本感染症については、重いやら、軽いやら情報が錯綜しておりましたので、ここらでまとめておきます。

主な症状

平均潜伏期間 3~7日(最長で14日程度)
初期症状は、いわゆる『普通の風邪』です。

  1. 軽度の鼻汁
  2. 軽度の咳
  3. 発熱
  4. ときに関節痛など
    稀に悪心、嘔吐、下痢

日本成人における重症化と治癒のターニングポイントは上記症状出現後7日目だそうです。

アメリカ人1症例の臨牀経過

症状経過一例(NEJMより)
First Case of 2019 Novel Coronavirus in the United States

 敏速検査キットが無いので、臨床症状と一般検査だけから推定するとなると、以下の臨牀条件を満たす場合でしょう。

  1. 成人であるにもかかわらず
  2. インフルエンザでもないのに
  3. やたら熱と咳が続き(37.5度越えが4日以上)
  4. 抗生剤が無効で
  5. 血液検査はそれほど悪くなく
  6. レントゲンで肺炎を認める

これらの条件を満たす場合に強く疑うことになるでしょう。
2020/2/22の時点ではこれらの症状に、息苦しさなどが合併していれば、保健所でPCR検査してくれるようです。

しかしながら、今のところ、軽傷患者は鑑別不可能です。

要相談基準

2020年2月17日、厚生労働省は疑わしい症状が出た際に専用窓口へ相談する目安を公表しました。

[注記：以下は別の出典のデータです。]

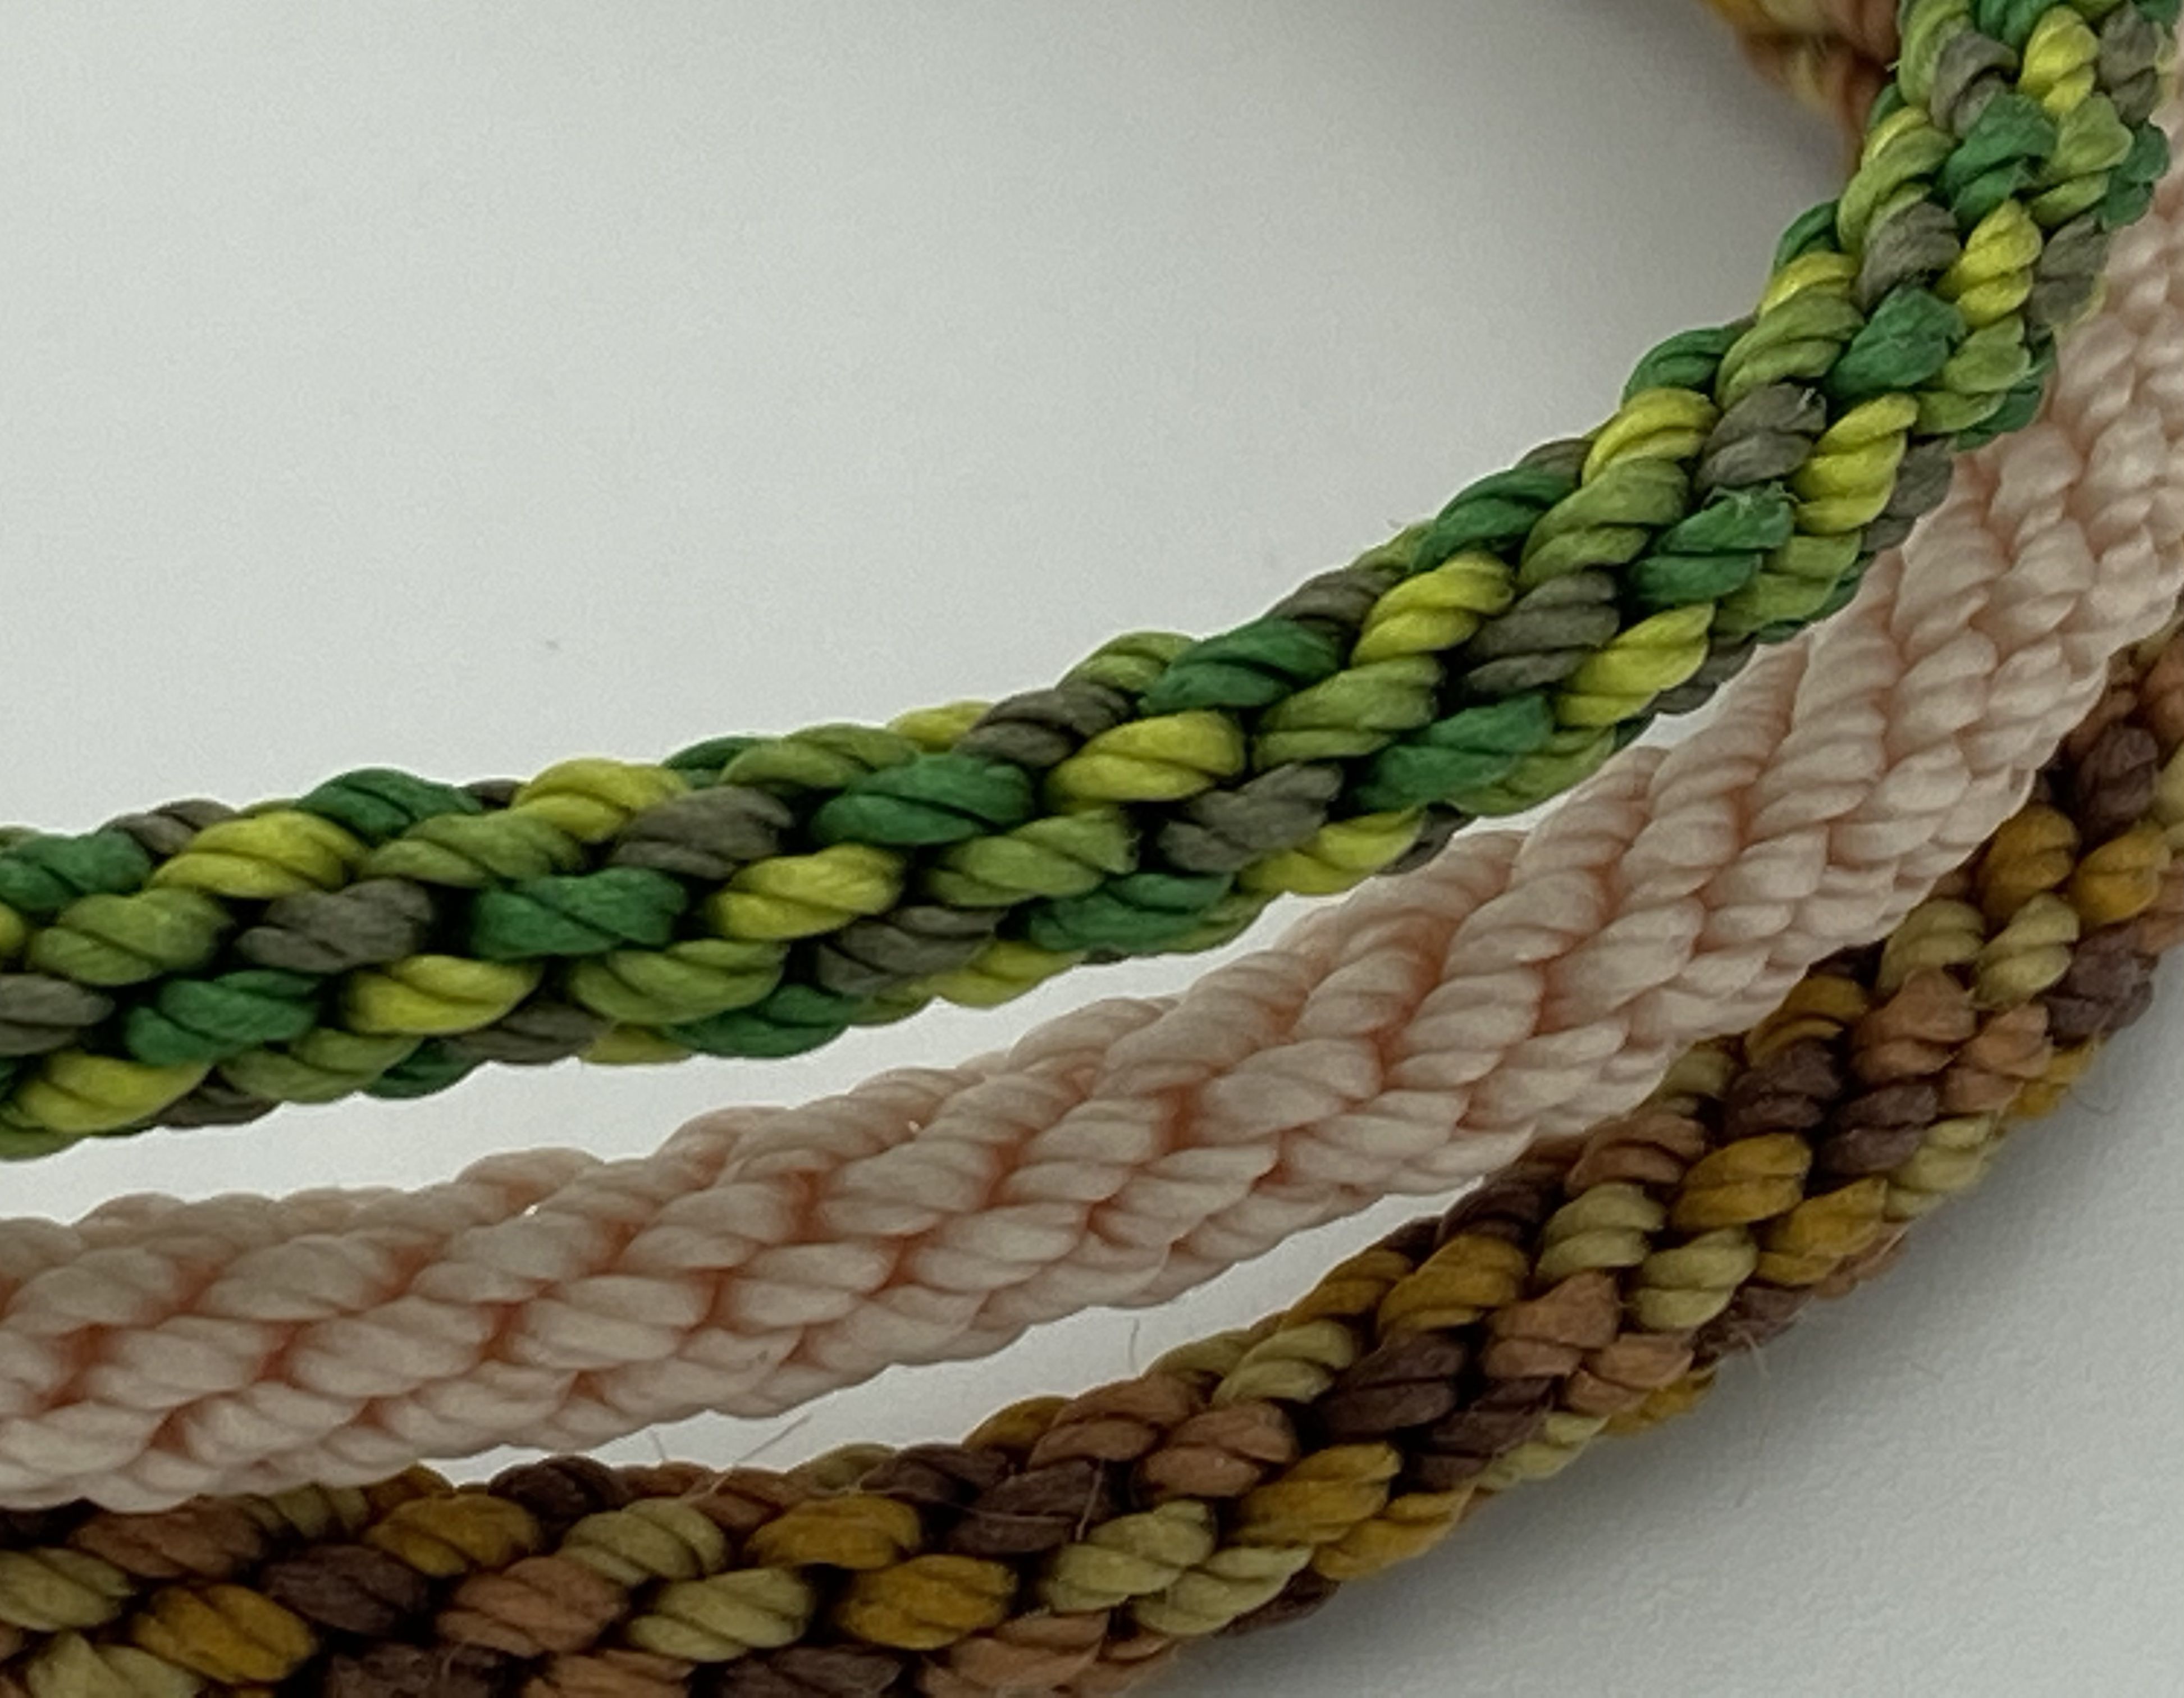 Triple Braided/Woven Kumihimo Bracelet - Green/Brown/Nude Colours - Handmade Japanese Wristband/Bracelet

  1. 風邪の症状や37.5℃以上の発熱が4日以上続いている。
    (解熱剤を飲み続けなければならないときを含みます)
  2. 強いだるさ(倦怠感)や息苦しさ(呼吸困難)がある。

※ 高齢者や基礎疾患等のある方は、上の状態が2日程度続く場合

相談先

  1. 厚生労働省の電話相談窓口(コールセンター)
      電話番号 0120-565653(フリーダイヤル)受付時間9時00分~21時00分(土日・祝日も実施)
  2. 和歌山市保健所相談窓口
      電話番号 073-488-5112 受付時間9時00分~21時00分(土日・祝日も実施)

治療方針

 現時点で、タミフルなどの特効薬がありませんので、一般感冒薬、時に漢方薬を使用する事になると思います。肺炎を認めたとしても、合併症が軽微で、酸素化に問題が見られず、家庭生活ができるのであれば、家庭内安静をお勧めします。

 抗エイズウイルス薬や、抗エボラウイルス薬の有効性が伝えられていますが、ある程度重症度が高くないと、実験的治療の適応はありません。

 本疾患に抗生剤は無効ですが、他の似た疾患には抗生剤が有効なものもありますし、本疾患も、後半から細菌性肺炎の合併が疑われた場合は、抗生剤は適宜使用すると思います。

 いうなれば、タミフル発売前で、インフルエンザワクチンの集団接種中止後(30年ほど前)の、インフルエンザ大流行時の診療と同じなんでしょう。あの時の総合病院小児科は結構大変でした。老人も沢山の方が亡くなったそうですが、今回は呼吸器内科系が大変になるかもしれません。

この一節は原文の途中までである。